8

A Banach space $X$ is said to be injective if for all Banach spaces $W,Z$ with $W\subset Z$, and operators $T\in B(W,X)$, $T$ can be extended to all of $Z$ with the same norm.

Equivalently, $X$ is injective if it is complemented by a norm $1$ projection in any Banach space containing it.

Labelling the first definition as $(1)$ and the second definition as $(2)$, the proof for $(1)\Rightarrow (2)$ is brief.

If $X\subset Y$ for some Banach space $Y$, then applying $(1)$ to the identity map on $X$ yields the projection.

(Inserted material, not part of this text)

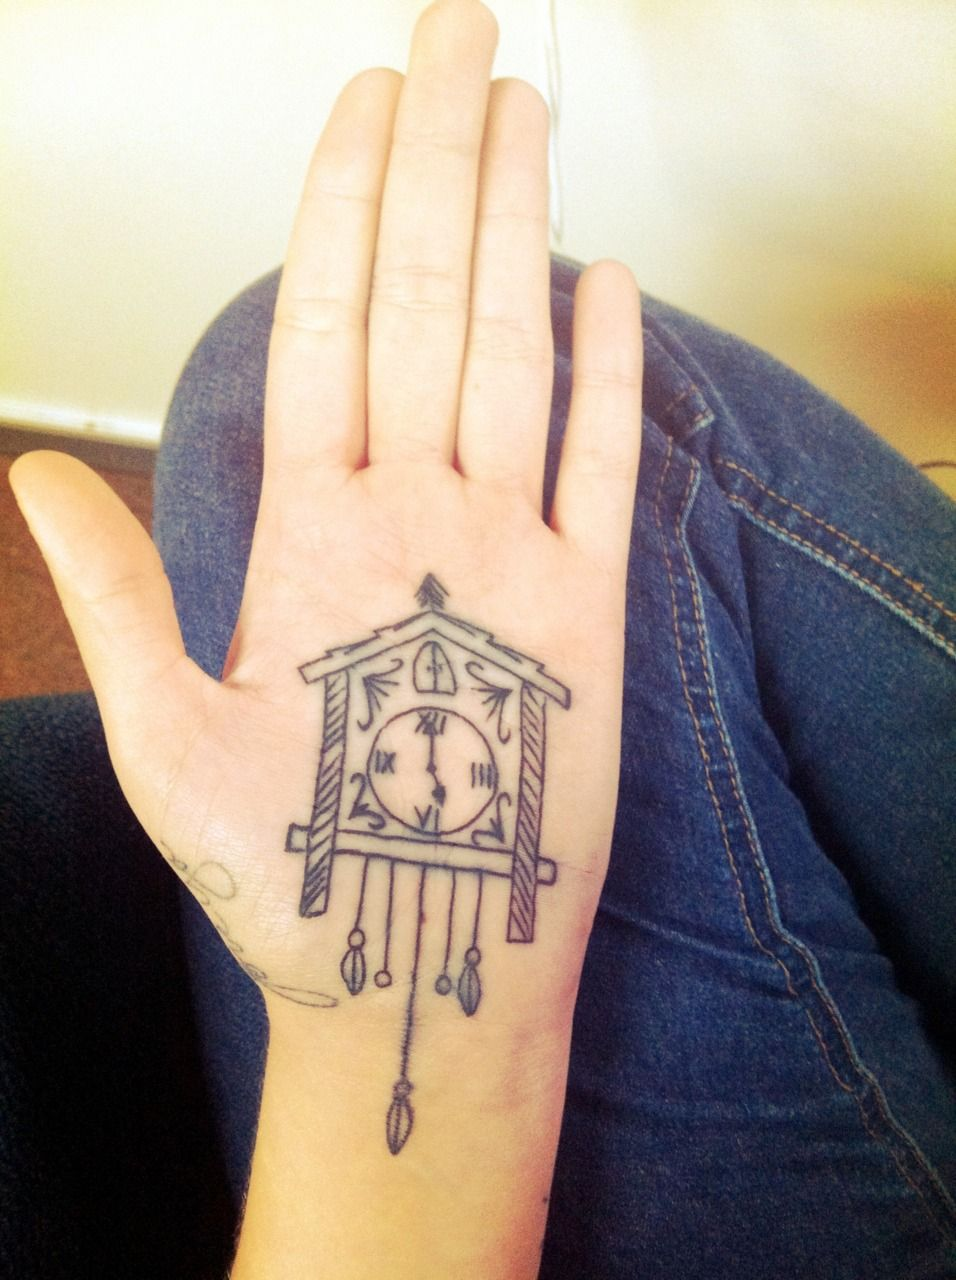 Cool tattoo designs for your hand kookoo clock  t a t t o o s ueueue  pinterest  clocks palm tattoos

The $(2)\Rightarrow (1)$ direction I have been stuck on for a couple of days. Can anyone offer a hint? Thanks very much in advance!

roo
  • 5,598

1 Answers1

10

You can isometrically embed $X$ into $\ell^\infty(\Gamma)$ where $\Gamma$ is some humongous set of indices (e.g., take every point of the unit ball of $X^*$ as an index).

Given $T:W\to X$, think of it as $T:W\to \ell^\infty(\Gamma)$ and extend it to $\widetilde T: Z\to \ell^\infty(\Gamma)$ preserving the norm (the special form of the norm on $\ell^\infty(\Gamma)$ will help.) Then do the obvious thing.

user
  • 1,012
  • Thanks! I will give this a shot. I kept trying to embed $X$ into some sort of direct sum, but it never went anywhere. – roo Aug 19 '13 at 03:37
  • Got it, just take $P\circ\tilde{T}$ as the extension, where $P$ is the projection which exists by assumption. Thanks!

    Yes after typing our my first response I immediately realized that it made no sense.

     – roo Aug 19 '13 at 04:23